Further, Katie Brewer, a certified financial planner and founder of the Texas-based financial firm Your Richest Life, says her plan of attack when working with clients who are ready to buy a house is to figure out their budgets first, and then to see how that budget matches up with what’s available on the market. 

“When we look at what they can afford on paper, but then go out and survey the inventory,” Brewer says, “it may require some ‘budget negotiation.’ Sometimes the inventory doesn’t match what their budget is.” Many people aren’t going to be able to afford what they were hoping for and will need to reassess. 

Knight says there isn’t much room for negotiating — at least not in current market conditions. “Some people can still get an inspection, although a lot of the time, even those are being waived. Right now, that’s really the only thing you can negotiate on in my market,” she says. 

Smart moves buyers can make in a wild housing market

The main thing both Brewer and Knight say buyers should do is to prepare for a long home search. While there may be some softening in the market in the months or years ahead, buyers who want a home in the short term, and particularly those who don’t have piles of cash at their disposal, will need to be patient.
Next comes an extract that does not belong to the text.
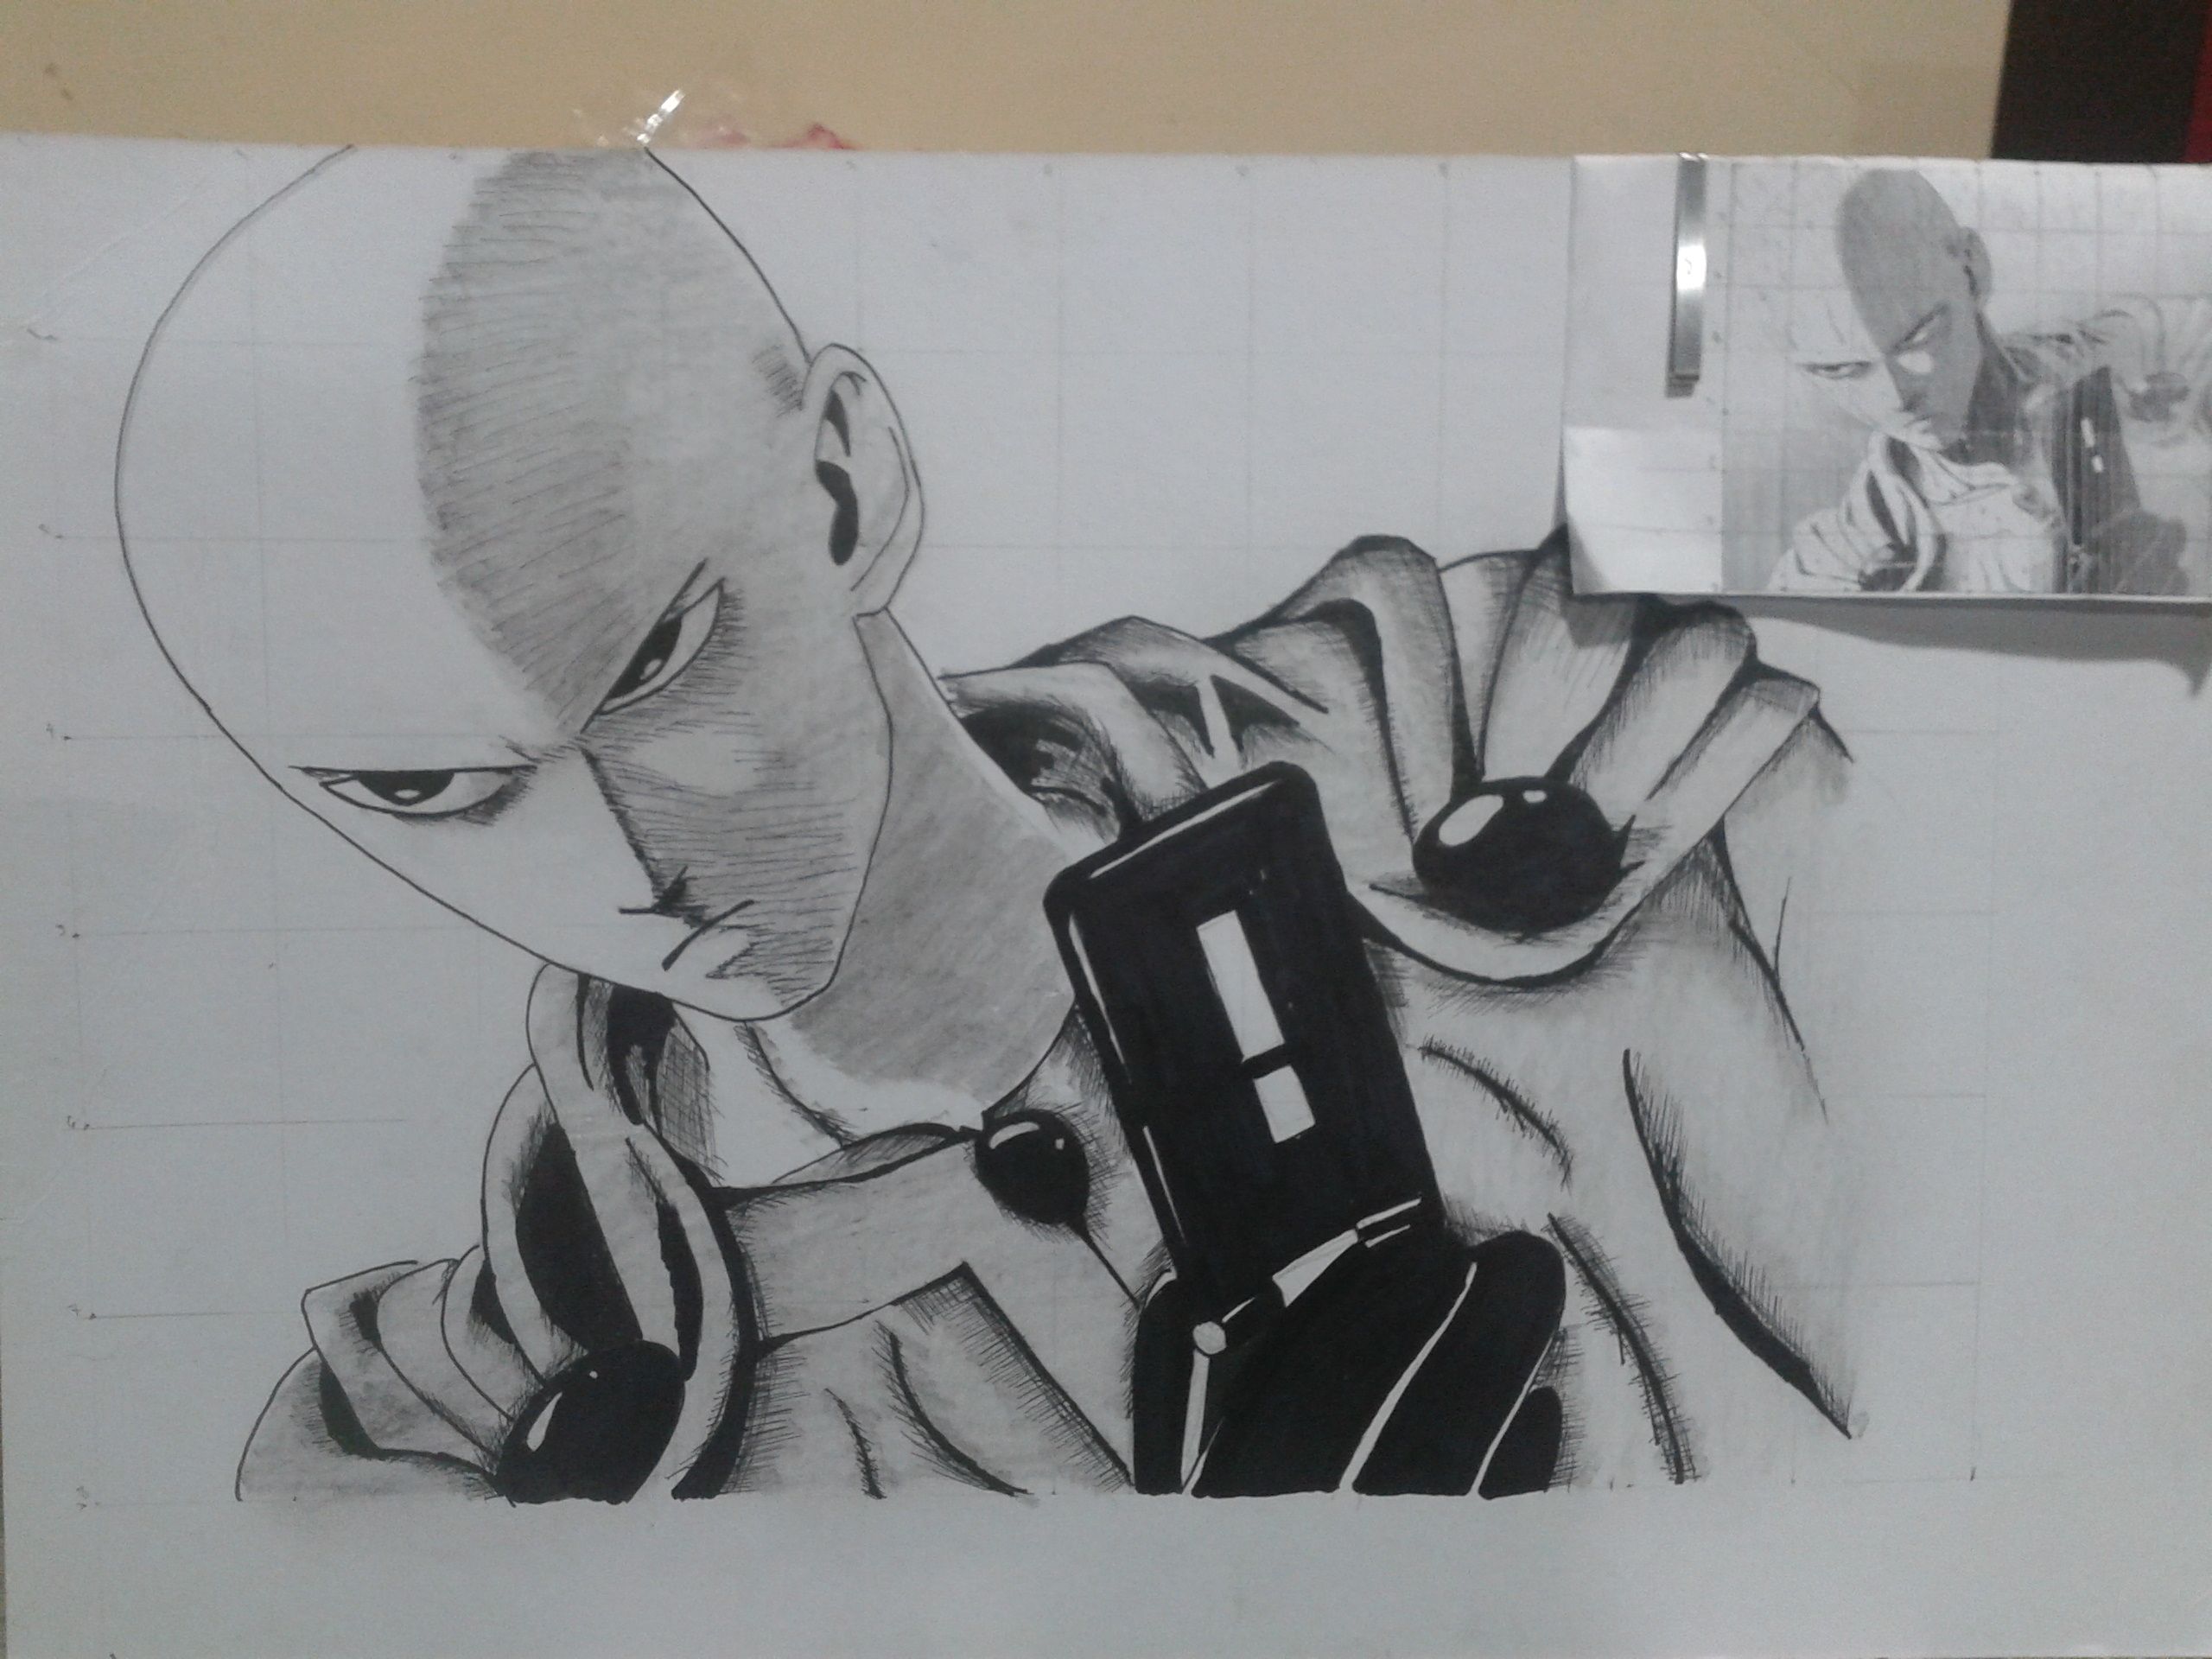 New Drawing of Saitama from One Punch Man

While rising interest rates may slow demand and potentially ease things up in the market, it’ll also increase the cost to get a mortgage. But for those who want to forge ahead, despite the wild housing market, Brewer has a few tips:

  • Figure out what you can afford: Set a budget, Brewer says. That means determining the realistic amount you can afford for a  monthly mortgage payment (plus taxes and insurance). Also, figure out what you can do to get at least a 20% down payment. It may be difficult for some buyers, but will get you the best mortgage terms.

  • Know exactly what you want, and get in line: It’s okay to be choosy when buying a home, but know that you’ll likely need to get in line behind several other buyers who are thinking along the same lines. Be ready for a potential bidding war.

  • Have everything lined up: Don’t start shopping unless you’re pre-qualified for a mortgage, Brewer says. “Things like that are not optional in this market,” she says. “You need to be good to go” and make an offer — there’s no time to waste when things are this competitive.

Most importantly, Brewer says, is to stay within your parameters. Don’t make an emotional decision and make an offer way out of your price range, for instance. “You can be excited to make an offer, but don’t leave yourself with $5 in your bank account at the end of the month.” 

Finally, it’s probably best to give up on hoping that you’ll find a discount, or that you’ll be able to get a “good” price on a home. In this environment, it’s just not going to happen, says Knight.

“There’s no such thing as a ‘deal’ in our current market,” she says.